Игорь Горный, мягко оттеснив плечом Сергея, перекрыл входную дверь.
– Слушай, свет зажги. – Он тоже принялся бутафорить.
– Зачем? – не выдержал полуголый жилец. Даже одного слова хватило, чтобы определить, из каких мест он родом. Парень говорил с явным кавказским акцентом.
Неожиданно вспыхнула люстра под потолком. Лизавета догадалась, что выключатель нашел Сергей, остальные не двигались. Парень дернулся, будто собираясь бежать, но усилием воли заставил себя остановиться. Все остальные тоже напряглись.
– О-о-о, старый знакомец, на самолет не опоздаешь? – нарушил молчание Горный. Он больше не притворялся водопроводчиком, заглянувшим к депутату проверить, как работает унитаз.
– Какой самолет? – опешил полуобнаженный жилец и сделал шаг назад.
Митя со своей стороны осторожно сделал шаг вперед.
– Так ты и про билет, и про самолет ничего не знаешь? А остальные где?
– Какие остальные?

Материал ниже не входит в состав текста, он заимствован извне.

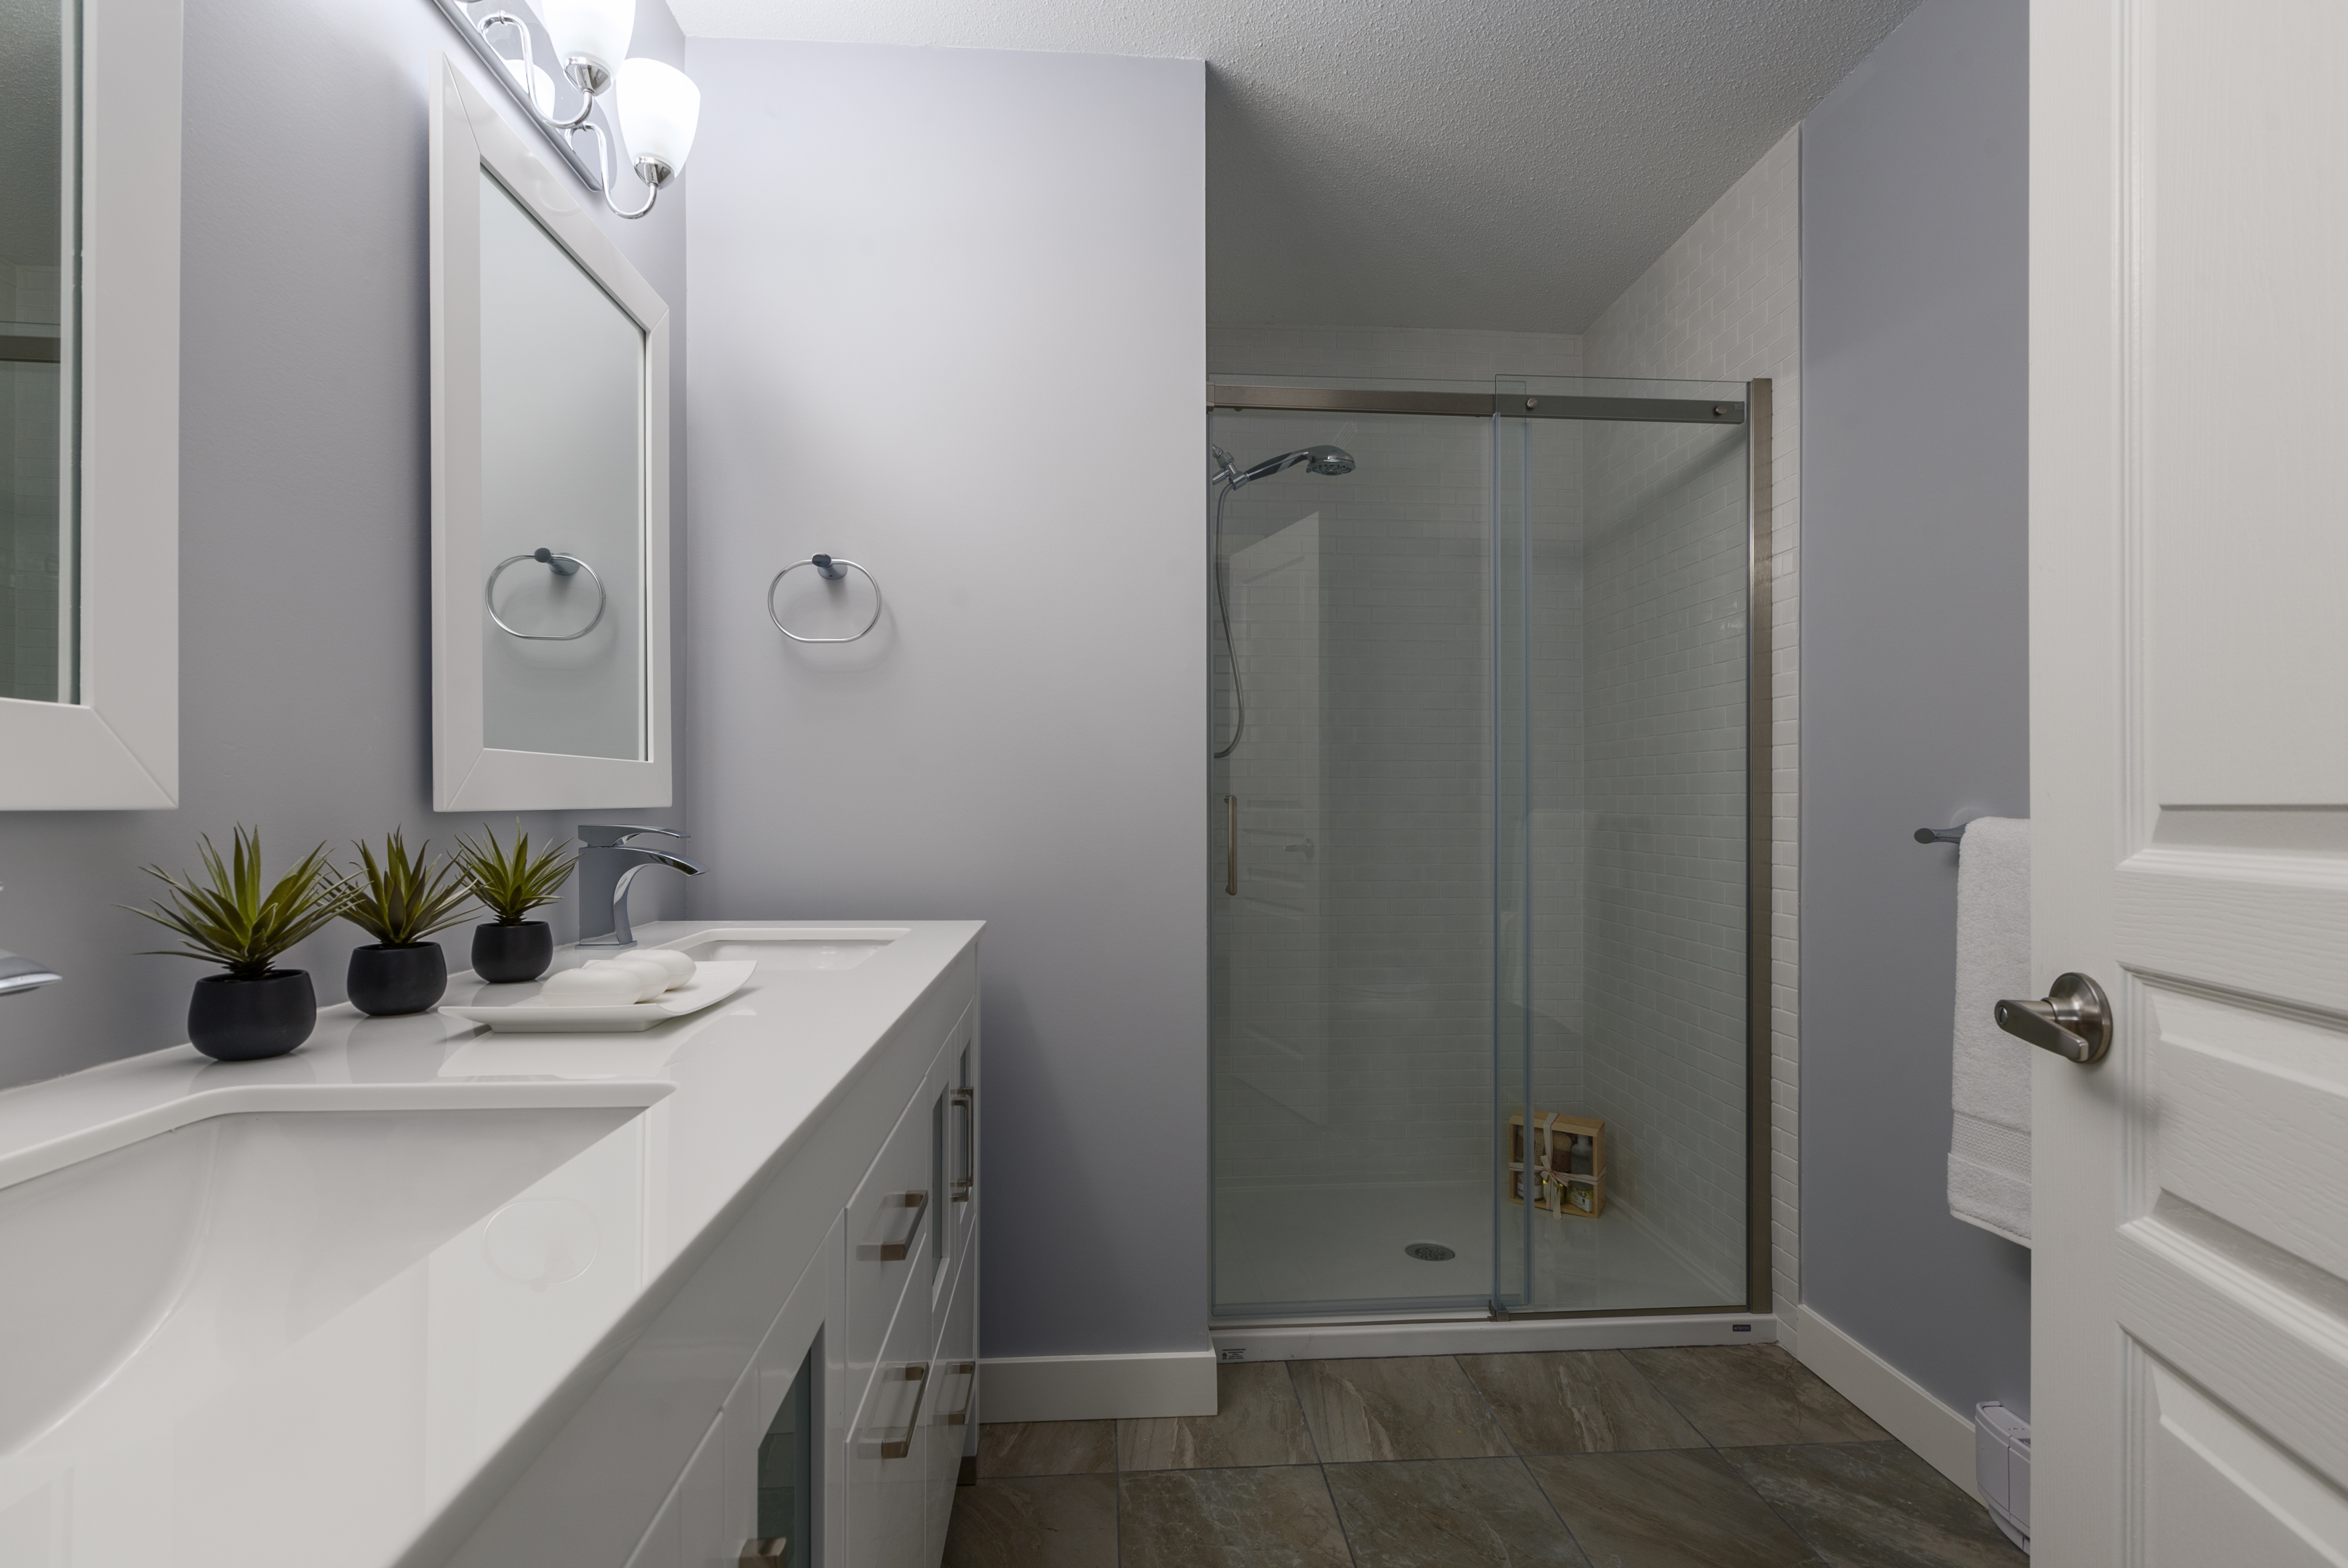 bathroom after home renovation crest - home renovations vancouver - flipside homes

Ты о чем говоришь? – возмутился парень. Кавказский акцент стал еще отчетливее: мягкое «и», скособоченное «ч». – Почему самолет? – Парень снова отступил назад.
– Постой… – тихо произнес Горный и прыгнул.
Лизавета всегда считала, что у нее хорошая реакция. И что она может оставаться спокойной и хладнокровной даже в очень трудной ситуации. Но события трех последних дней, и особенно сегодняшнего, заставили ее в этом усомниться.
…Она вышла из ступора, когда все уже произошло. Горный в минуту скрутил обитателя дагаевской квартиры и надел на парня наручники, а Митя, неведомо откуда выхватив пистолет, начал обход помещения.
Шел он, как ходят крутые полицейские в боевиках – рывком распахивал дверь, делал несколько осторожных шагов, резкий поворот. И опять, и снова. «Интересно, это актеры точно копируют настоящих полицейских, или полицейские – актеров?» – подумала Лизавета.
– Кажется, никого… – крикнул Митя откуда-то издалека и тут же ойкнул: – Ой, нет, как же я вас не заметил, мадам? Такое пышное одеяло, что вы просто потерялись под ним… Не соблаговолите ли встать?
– Там кто-то есть. – Горный, бдительно стоявший рядом с закованным в наручники парнем, не проговорил фразу, а только обозначил ее губами.
– Совершенно верно, – усмехнулся Сергей. – Причем, мне кажется, что этот «кто-то» – женщина…
Митя продолжал разговор с неведомой особой в постели.
– Вы предлагаете мне отвернуться, мадам? Чтобы не ранить вашу стыдливость? А где гарантии, что, проявив не свойственную мне галантность, я не схлопочу пулю? Я буквально час назад видел, что вытворял законный владелец этого жилища. И если вы из той же компании, то Бог знает, на что вы способны. Даже и не знаю, идти ли вам навстречу… Что? Не слышу ответа?
Горный посмотрел на пленника. Тот никак не реагировал на разговор в соседней комнате. Рубоповец подтащил его к дивану, бросил на белый мех и потянулся к телефону.
– Митя, ты там кокетство сворачивай, я пока вызову подкрепление и справлюсь насчет здоровья Дагаева. А потом побеседуем с этим туристом.